Speciale per Africa ExPress
Sandro Pintus
15 ottobre 2020
Secondo il CJI si chiamano Bonomado Machude Omar, alias Ibn Omar, Abdala Likonga, alias Alberto Shaki, e André Idrissa. Sono il vertice locale dei tagliagole jihadisti che, dall’ottobre 2017, stanno massacrando Cabo Delgado, la provincia più settentrionale e più povera del Mozambico.
Lo svela un’indagine del Centro de Jornalismo Investigativo del Mozambico (CJI Moz). Secondo Joseph Hanlon, esperto di Africa Australe e docente alla Open University (Regno Unito) le indagini sono molto importanti per comprendere le radici del terrorismo. Un terrorismo che fino ad oggi, a Cabo Delgado, ha causato almeno 2.000 morti e 300 mila profughi.
L’investigazione amplia lo studio sull’estremismo islamico in Mozambico di João Pereira e Salvador Forquilha, dell’Università E. Mondlane di Maputo, con il leader religioso islamico Saide Habibe. Un’indagine, voluta dal presidente mozambicano Filipe Nyusi, che per la prima volta nomina il gruppo jihadista: Ahlu Sunnah Wa-Jammá.
Il CJI ha identificato Ibn Omar come autore di un video del marzo 2018, diventato virale. Da quella registrazione è considerato come un leader jihadista del gruppo, chiamato dalla popolazione al-Shebab, gioventù in arabo, nome usato dai militanti islamici somali.
Ibn Omar ha molti amici, secondo le fonti CJI. Primi tra tutti le Forze di difesa e sicurezza mozambicane (FDS), le stesse che combattono i jihadisti a Cabo Delgado. Poi ci sono parte dei cittadini dei distretti colpiti dall’insurrezione jihadista, nei distretti di Pemba. Ma anche nelle province del Niassa, a ovest di Cabo Delgado e della capitale Maputo. C’è chi dice che l’appoggio verso l’insurrezione si estenda anche in altre province.
“Quando l’esercito mozambicano entra o esce da un distretto, Ibn Omar viene informato dalla sua rete di fonti sparse in tutta la provincia.

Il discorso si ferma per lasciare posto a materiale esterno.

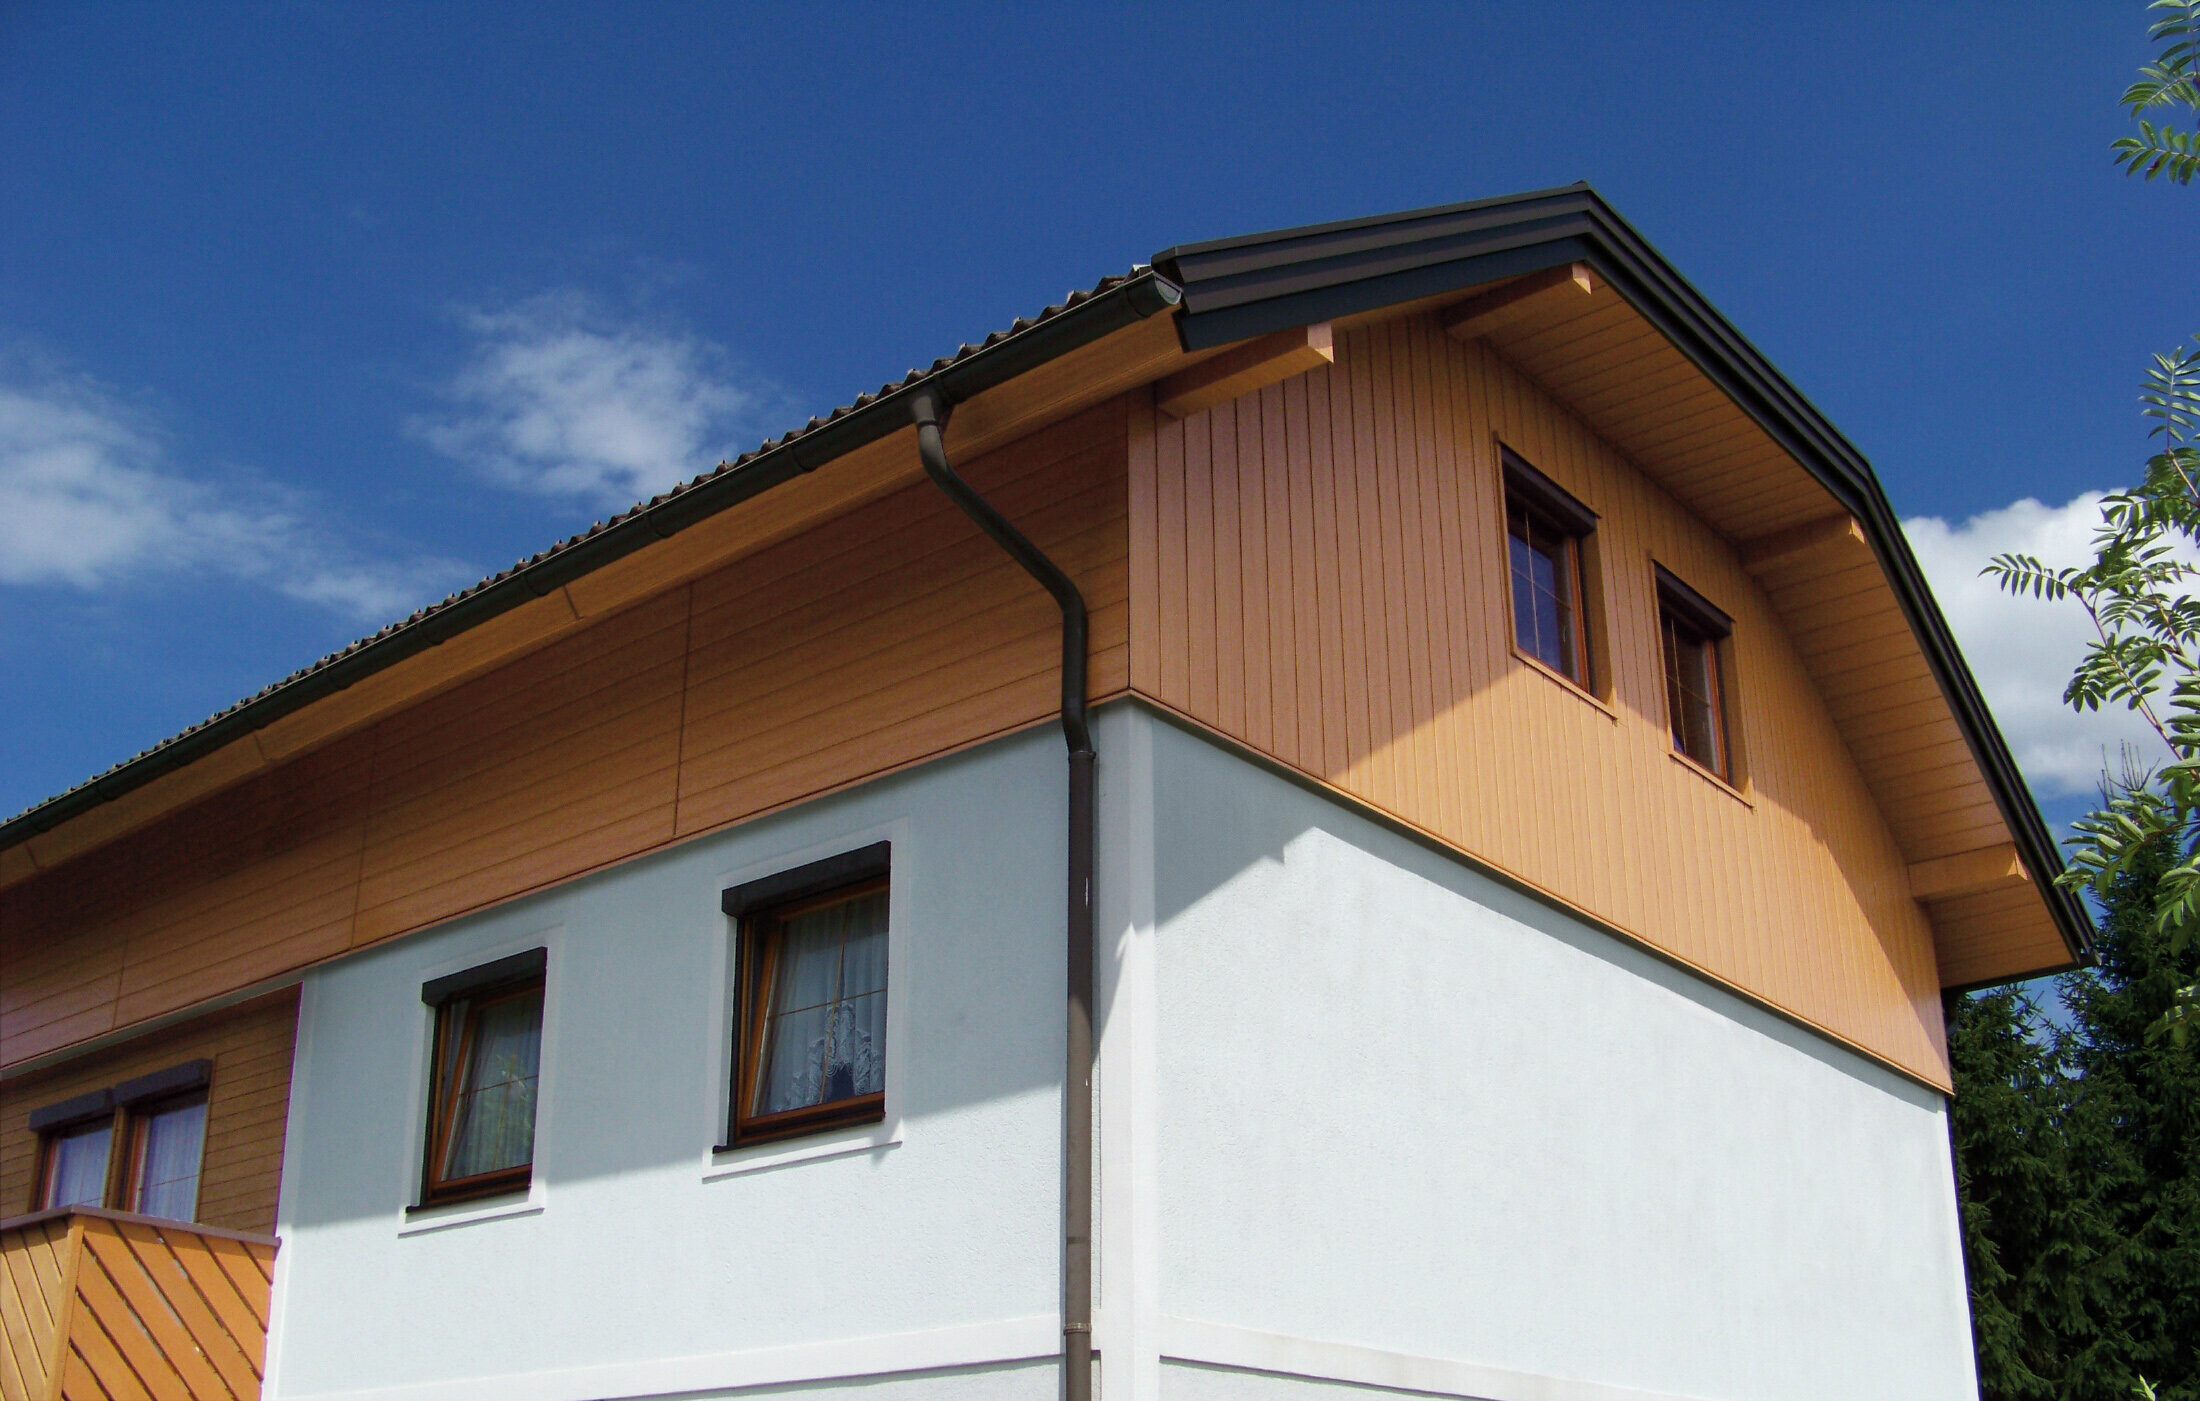 Grande maison individuelle à toit à demi-croupe et revêtement des pignons avec des Sidings PREFA imitation bois clair

In sintesi, ha sia militari che civili che gli danno informazioni sui movimenti delle Forze armate di difesa”, si legge.
“Qualcuno della catena logistica è coinvolto in questa macabra impresa e contribuisce fornendo uniformi militari all’insurrezione – ha raccontato la fonte CJI. Questo è un business che coinvolge tante situazioni”.

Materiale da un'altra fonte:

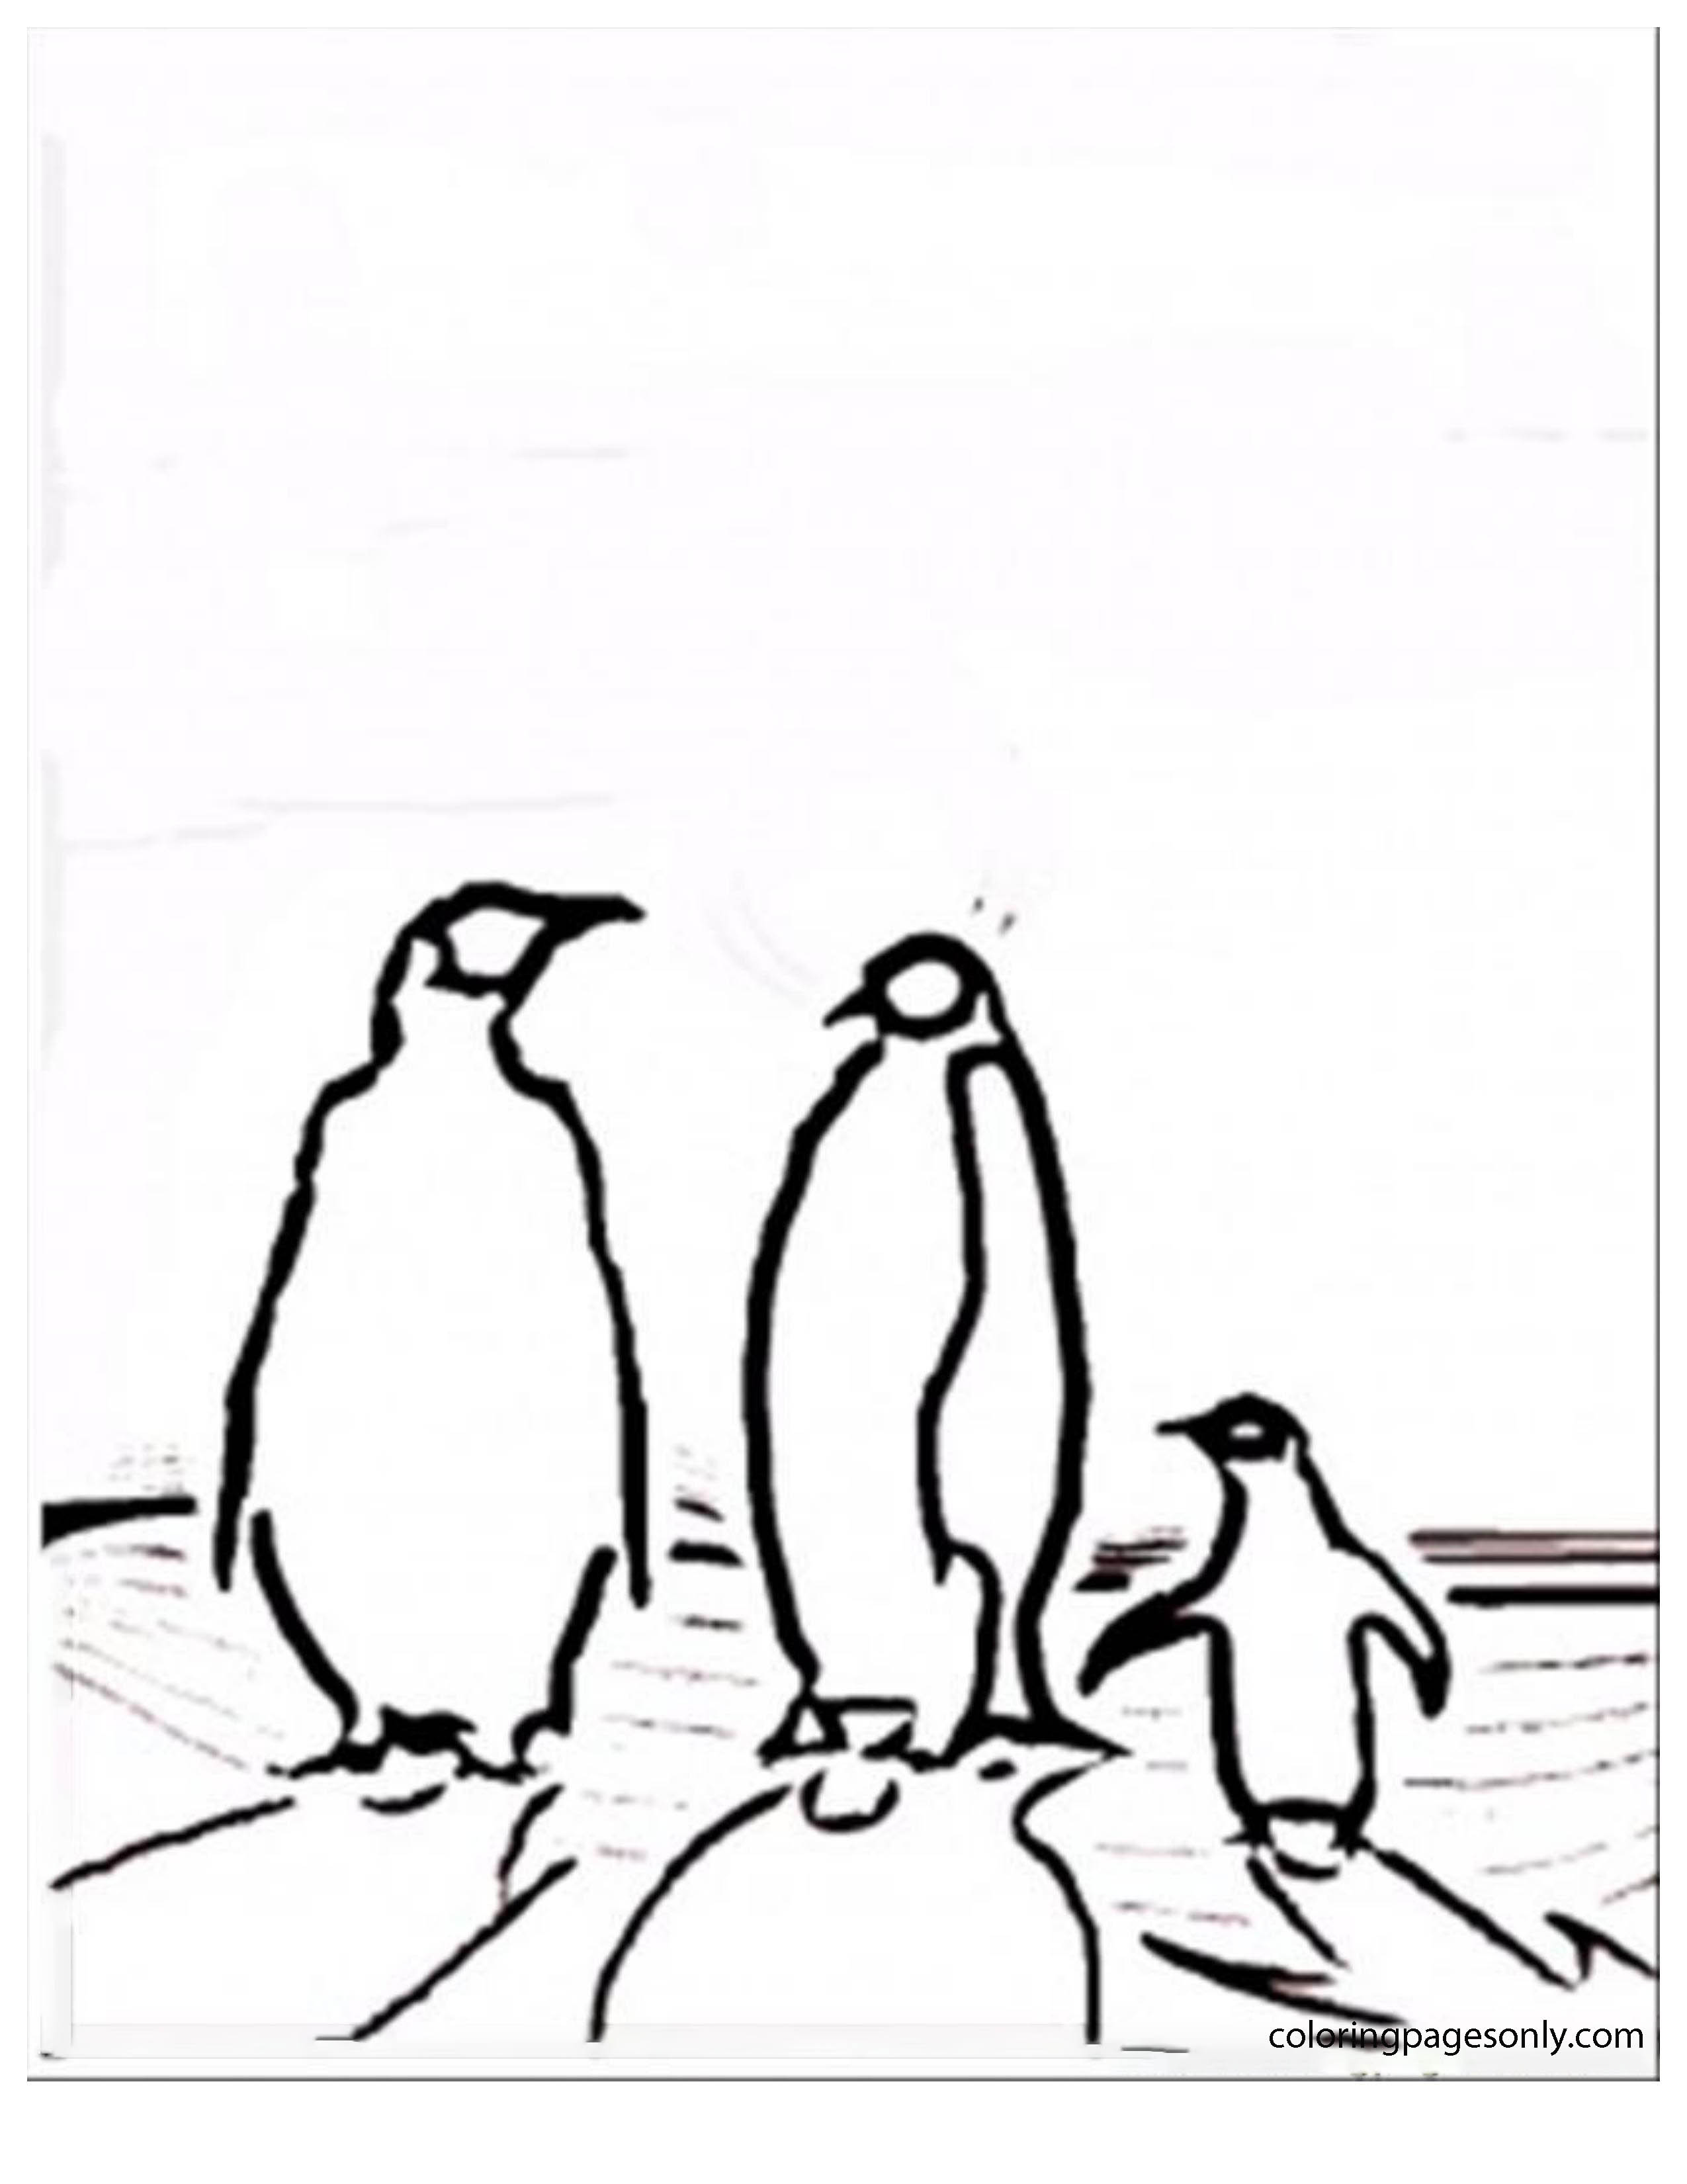 Famiglia di pinguini del Polo Nord e del Polo Sud

Durante la seconda presidenza di Armando Guebuza (2009-2014), quando l’attuale presidente, Filipe Nyusi, era ministro della Difesa, sono sparite 200 armi un numero indefinito di uniformi. Le aveva acquistate il figlio di Guebuza, Mussumbuluko, si legge nell’indagine. Nessuno sa dove siano andate a finire. Oggi Mussumbuluko è in prigione in attesa del processo. Ma non per le armi bensì per uno scandalo da 1,9 miliardi di euro che ha scoperchiato il pentolone della corruzione ad altissimi livelli politici.

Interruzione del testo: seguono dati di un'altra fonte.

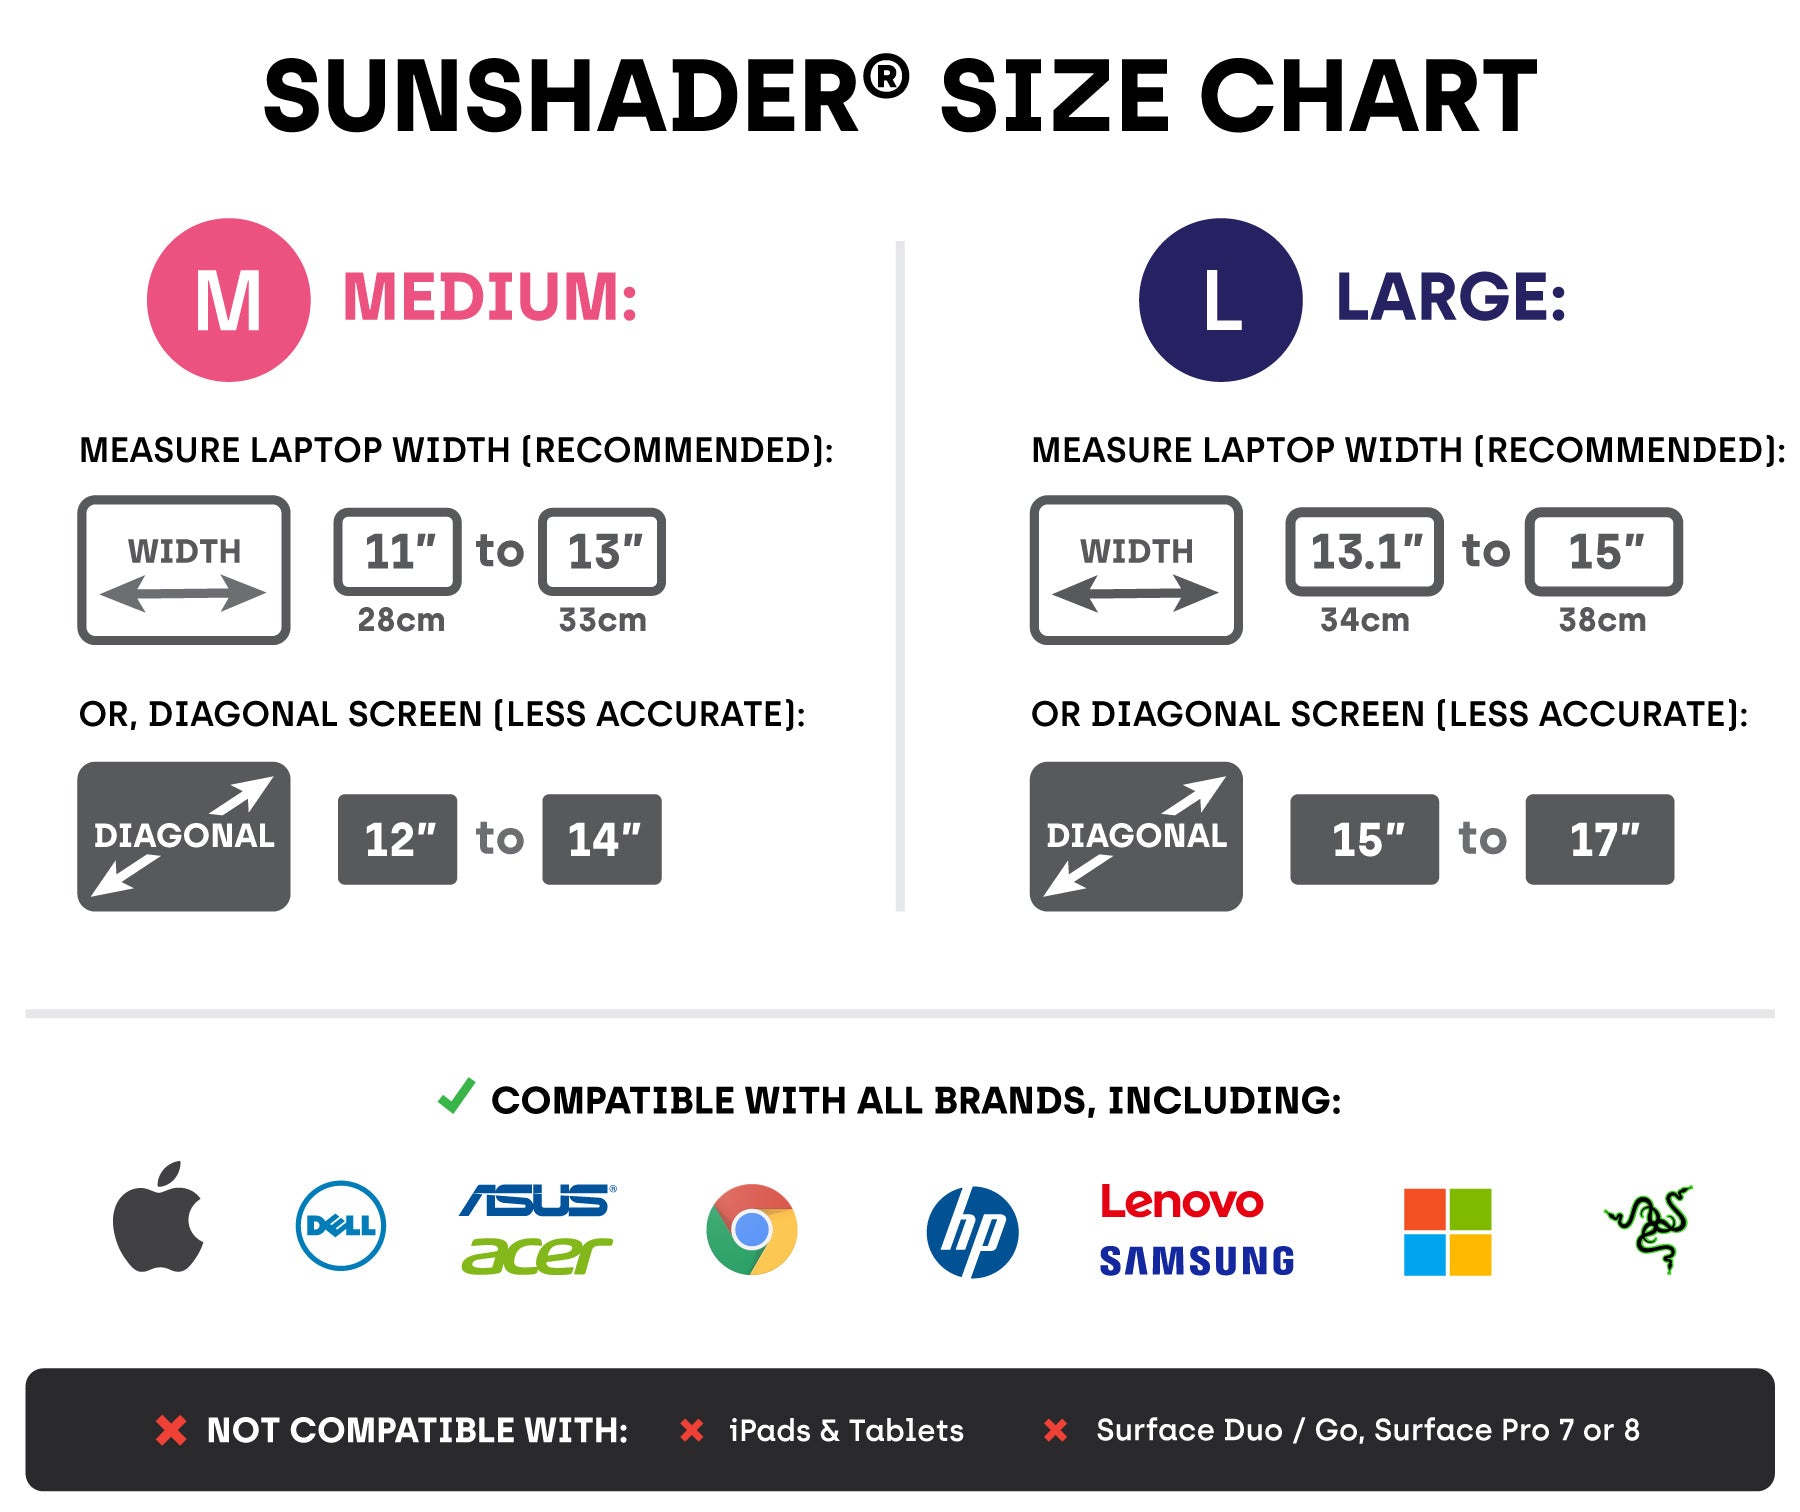 SunShader 3 Special Offer

“Dal 2007 somali, senegalesi, tanzaniani e altri sono entrati in Mozambico. Alcuni di loro sono jihadisti venuti per spiare la fragilità dello Stato mozambicano rimanendo ‘dormienti’. Ma anche capire la possibilità di condurre attacchi nel nord del Paese, dove la maggioranza della popolazione è musulmana”, scrive CJI.
Alcuni di loro sono diventati commercianti e si sono mischiati con la popolazione. Finanziano l’insurrezione attraverso le loro attività commerciali come negozi, aziende, distributori di benzina. Un lavoro lento e paziente che il governo mozambicano non è stato in grado di scoprire. O, forse, non ha voluto vedere.